OK, KA24E in 1990 Stanza. Friends car, up and started making severe noise from engine and stopped running. As I figured, seeing as KA24E's are plagued with timing chain issues, the engine had timing chain problems...the tensioner had gone ka-put, but chain did not jump yet. Here is the interesting problem...engine would not fire. Checked fuel..good. Checked Spark...found minor problem replaced cap/rotor all good now. Engine still wont run. Cant seem to get compression out of cylinders. Checked it with compression tool nothing in any of the cylinders...thought tester might be bad. put finger over spark plug holes got nothing, removed finger can feel air pushing out. Tried oil in the cylinders with compression tester again..nothing. Pulled head off, nothing out of the ordinary, cylinder walls look great. Pulled pan off(pain the a$$) nothing in pan (pieces of rings metal etc) everything looks good in lower end, even plasti-guaged and everything good. WHERE THE HELL DID THE COMPRESSION GO!!! Anyone got any ideas?


----------



## rogoman (Dec 16, 2004)

Since the motor made a severe noise, it sounds like the timing chain jumped several teeth and many valves got bent in the process. When the chain tensioner fails, it's pretty much a guarantee the chain will jump many teeth.
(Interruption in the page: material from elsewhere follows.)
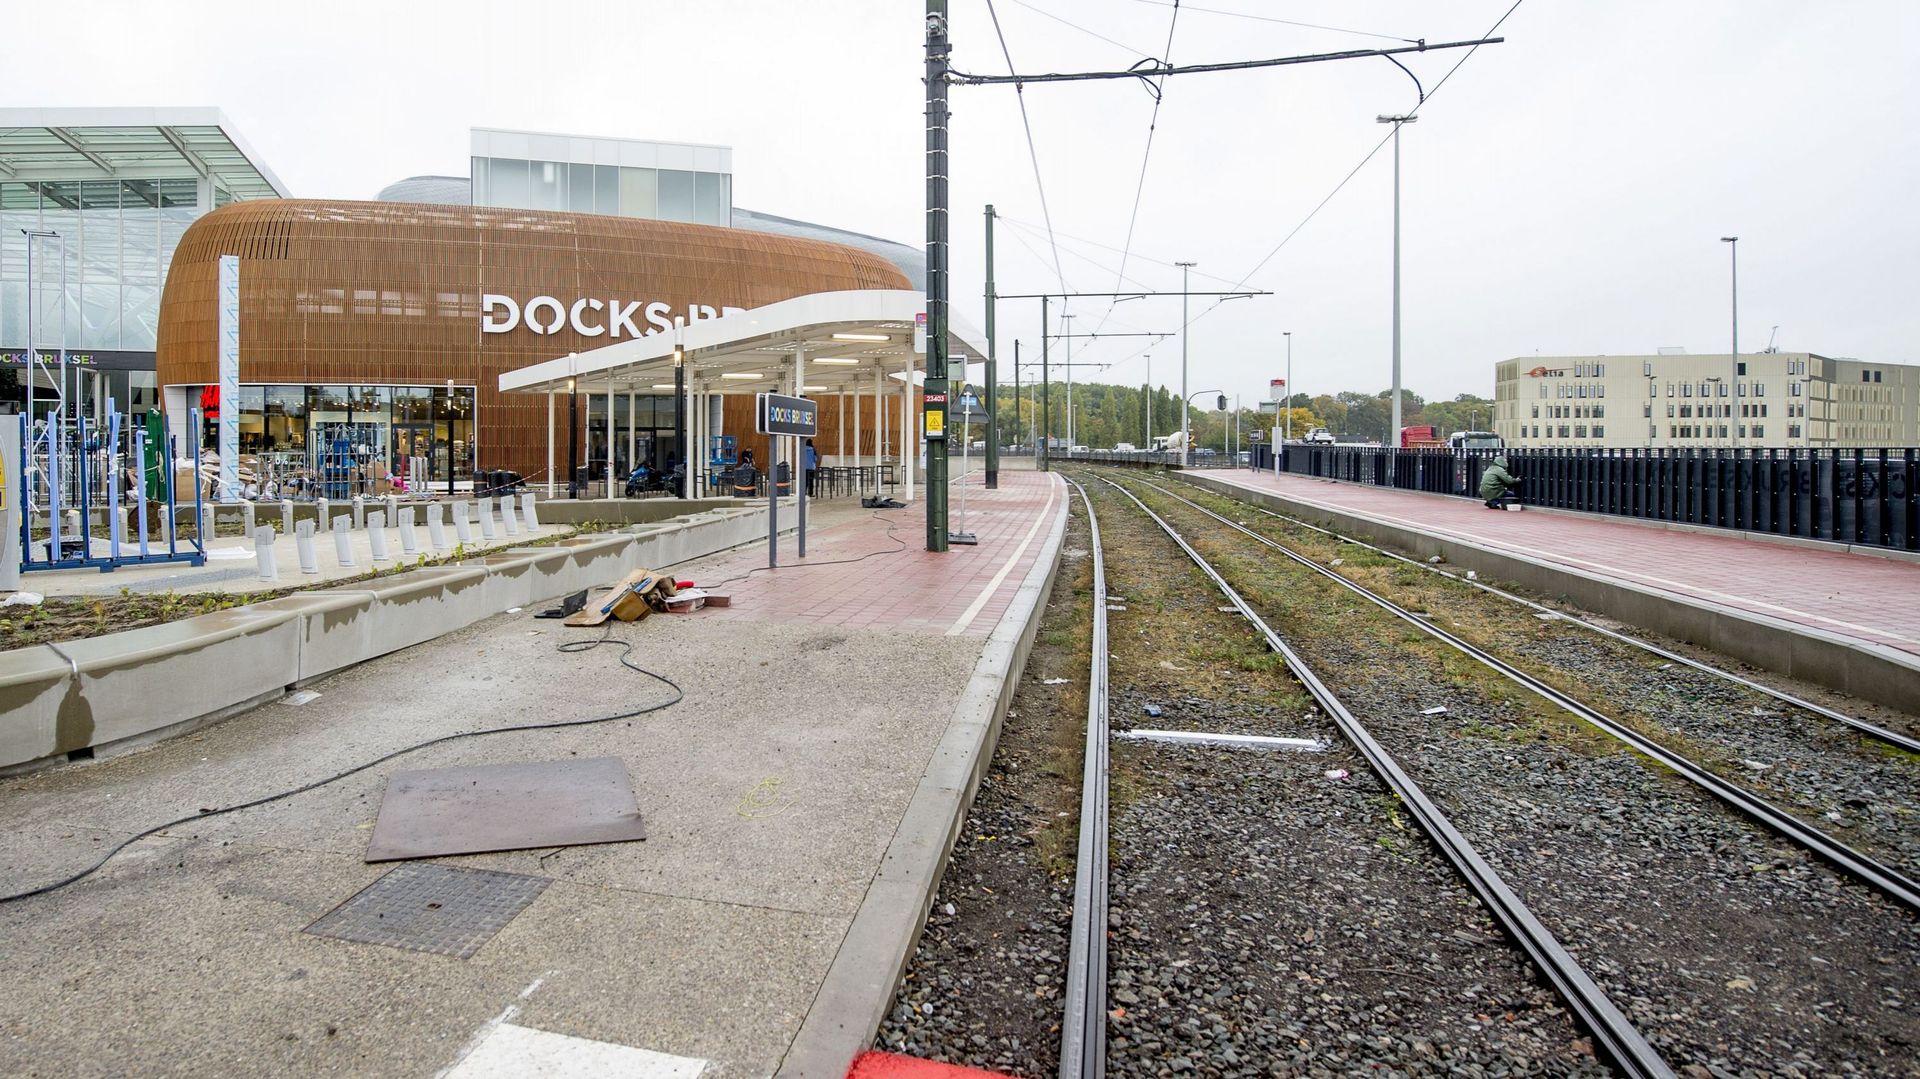 Le conducteur d’une trottinette électrique percuté mortellement par un tram près de Docks Bruxsel
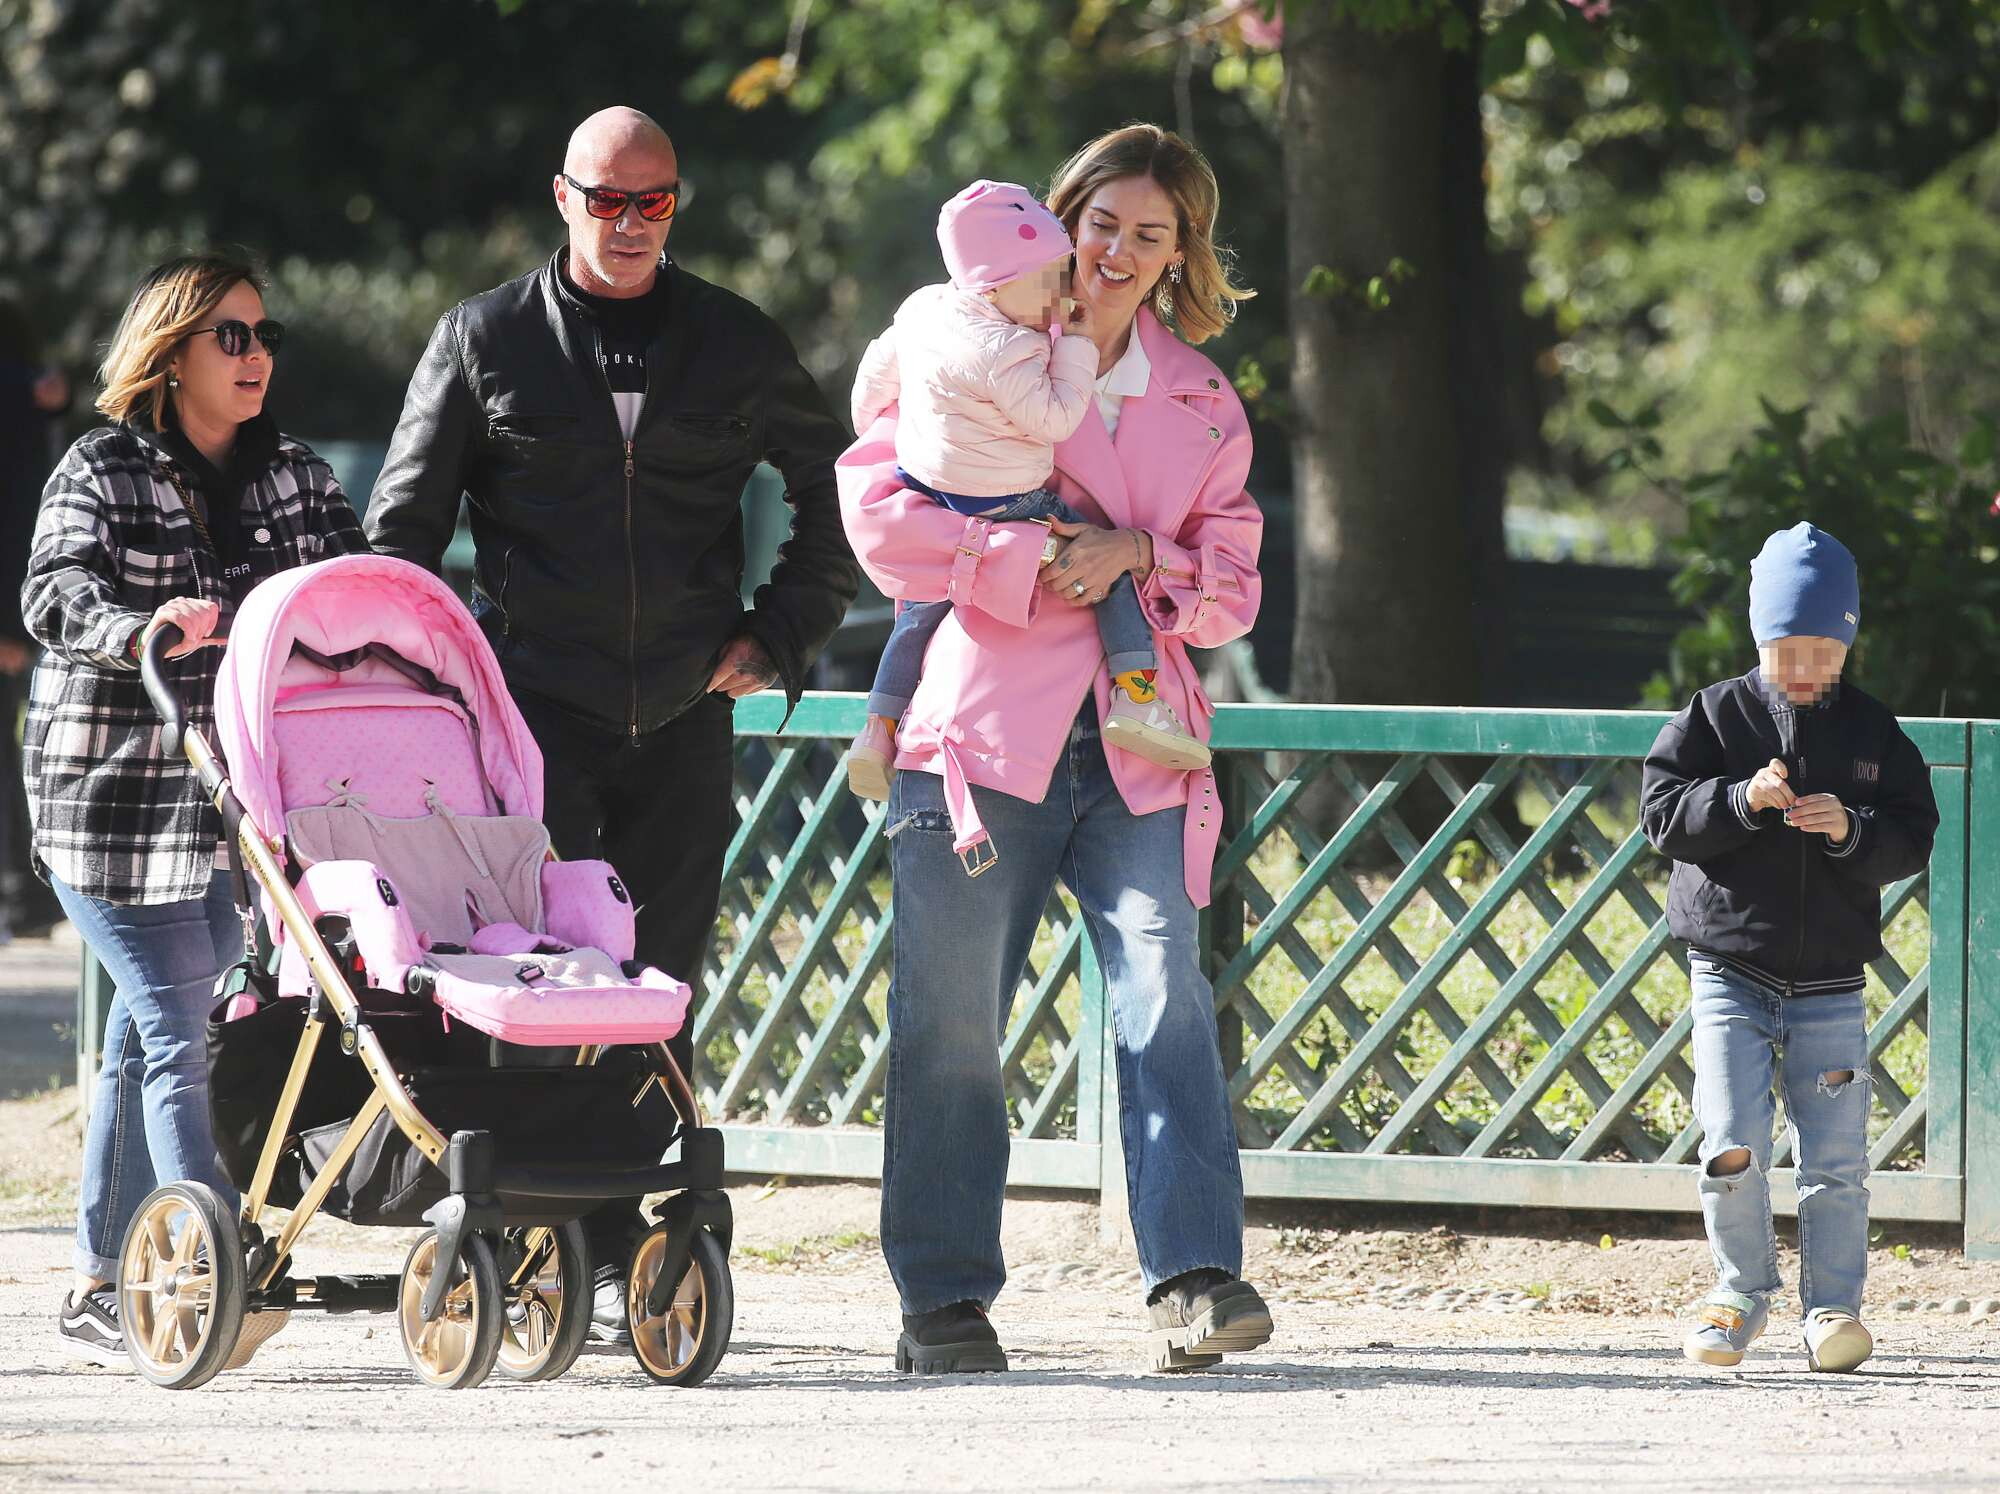 Chiara Ferragni è stata avvistata in pubblico per la prima volta dopo lo scandalo del pandoro, apparendo tranquilla durante una passeggiata al Parco Sempione con la famiglia.

With many bent valves, there will be no compression in the cylinders.


----------



## rdixiemiller (Mar 6, 2008)

Turn the head over. Turn the timing gear until #1 has both valves closed. Pour some gasoline into the combustion chamber. If the valves are bent, it will run through and come out the port. Repeat on the rest of the combustion chambers. Chances are you bent the intake valves. Can you see kiss marks on the piston tops?


----------